Exercise -
Output exactly, and only, the stretch of lines beginning at the line with "Rymden-77-new-condo-singapore-location-map" and ending at the last line of the listing below. Drop the pictures.

Recorded data -
──────

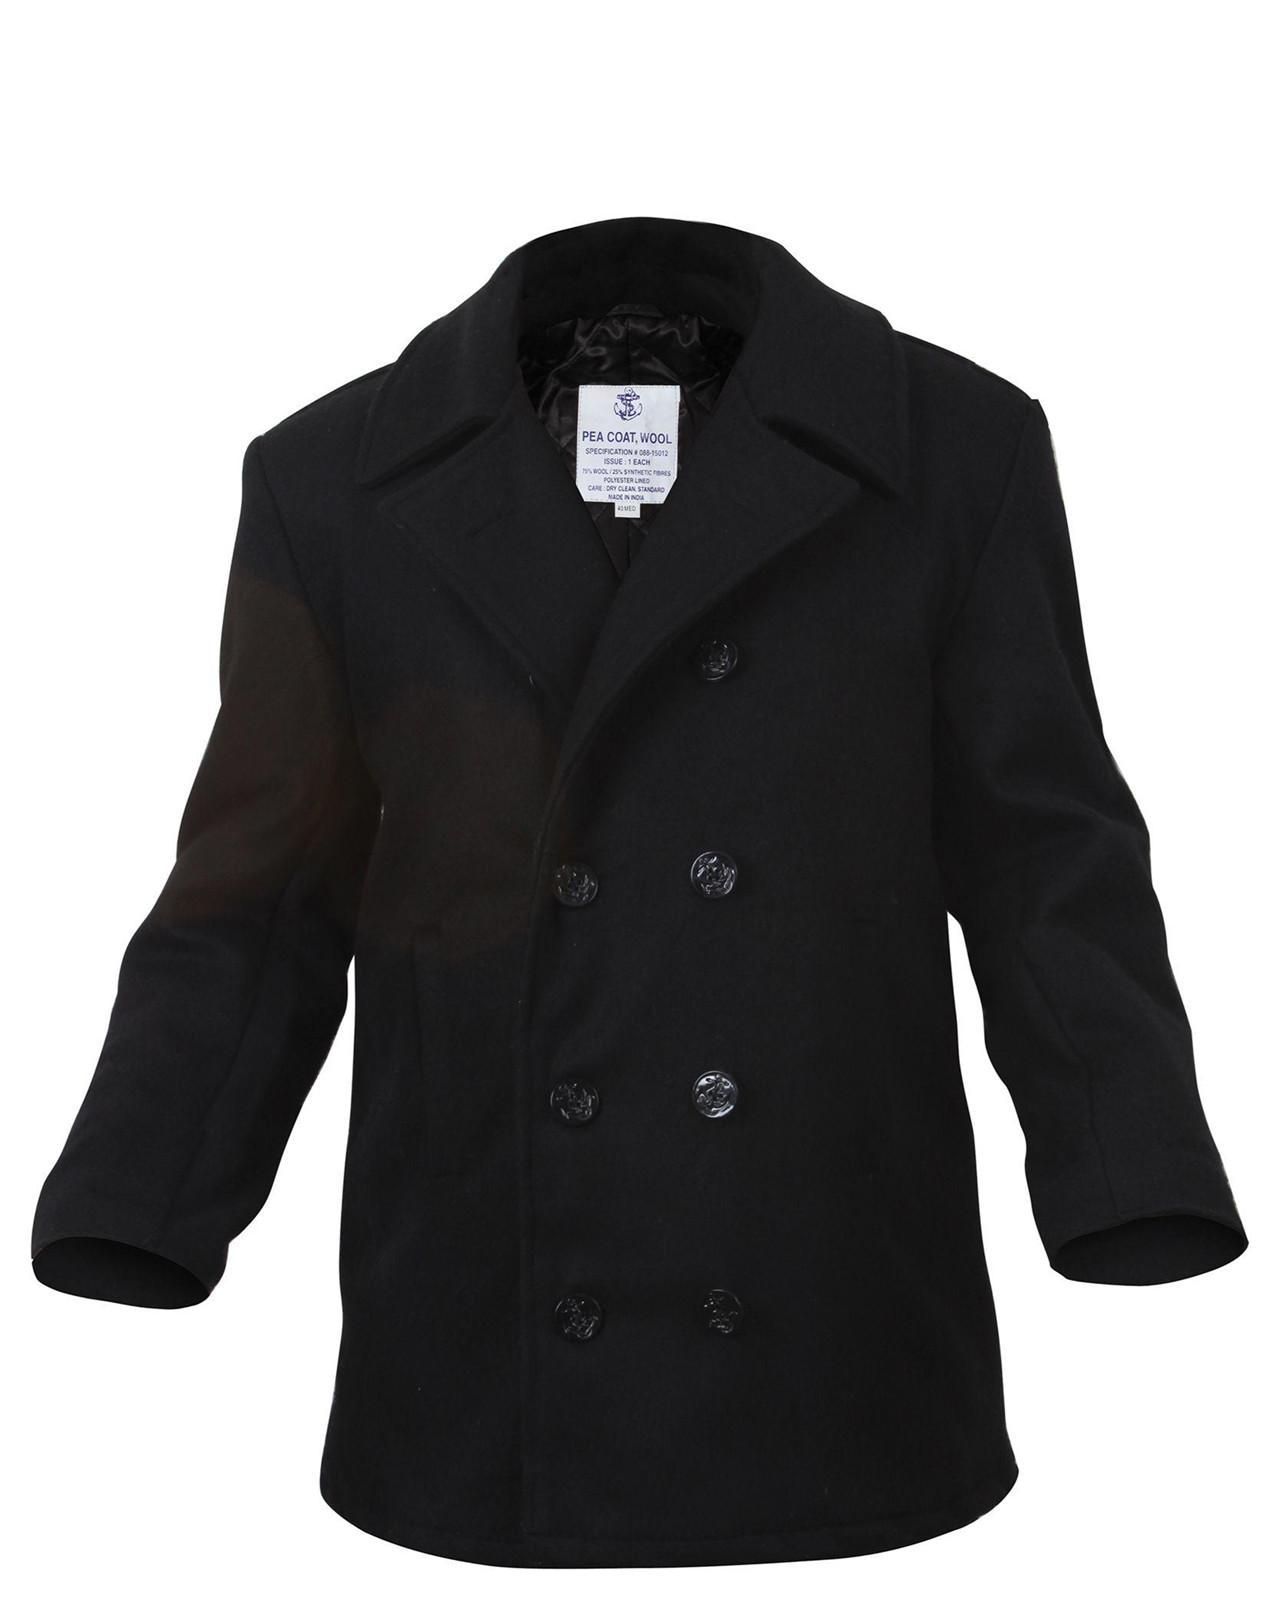 Rothco US Type Pea Coat (Svart, XS)
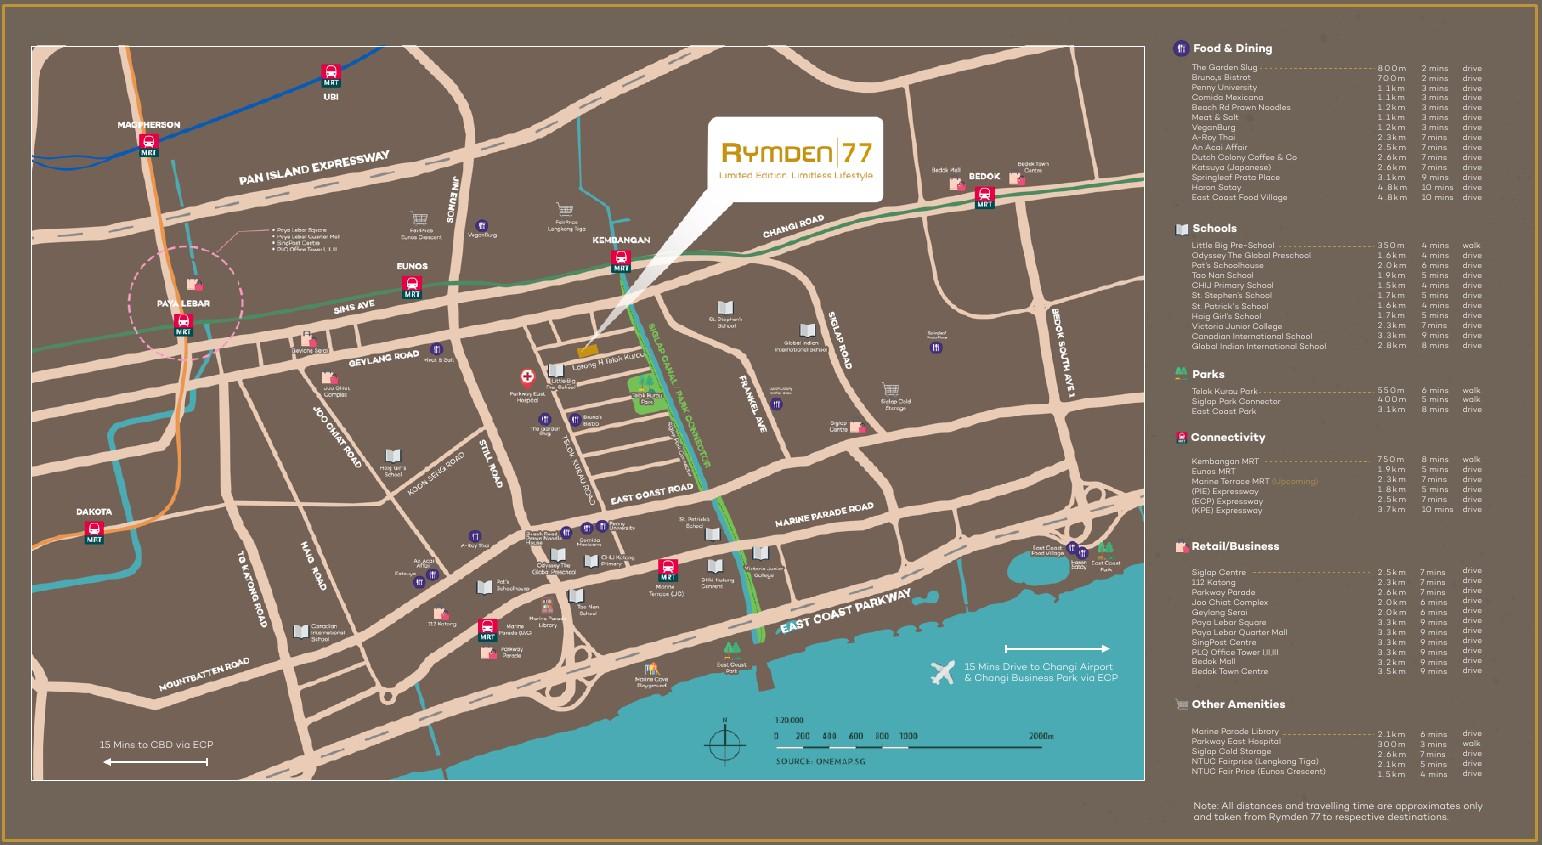 Rymden-77-new-condo-singapore-location-map
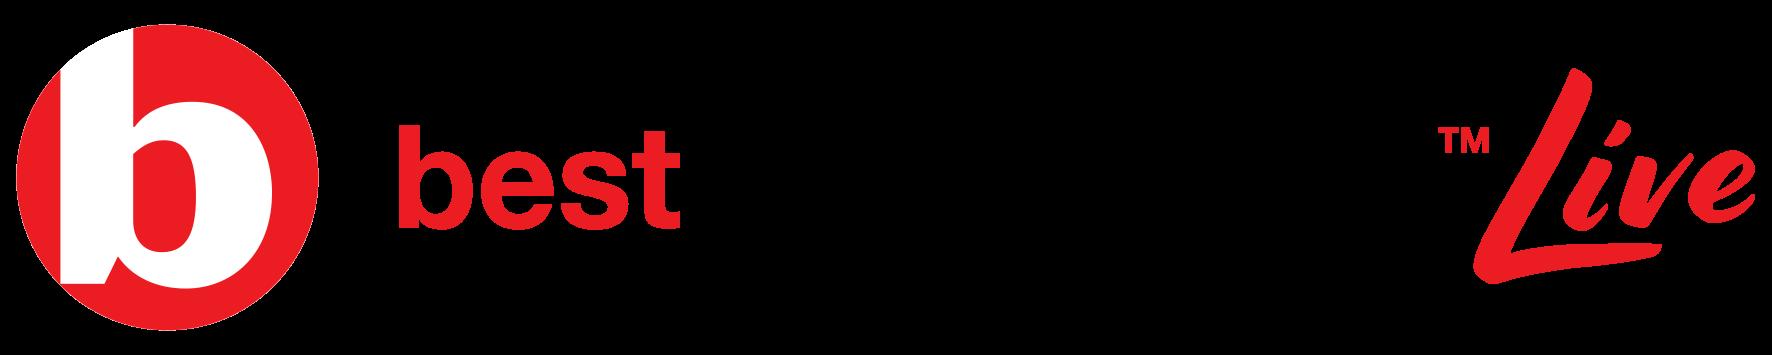 Best Companies Live logo

──────

Result -
 Rymden-77-new-condo-singapore-location-map
 Best Companies Live logo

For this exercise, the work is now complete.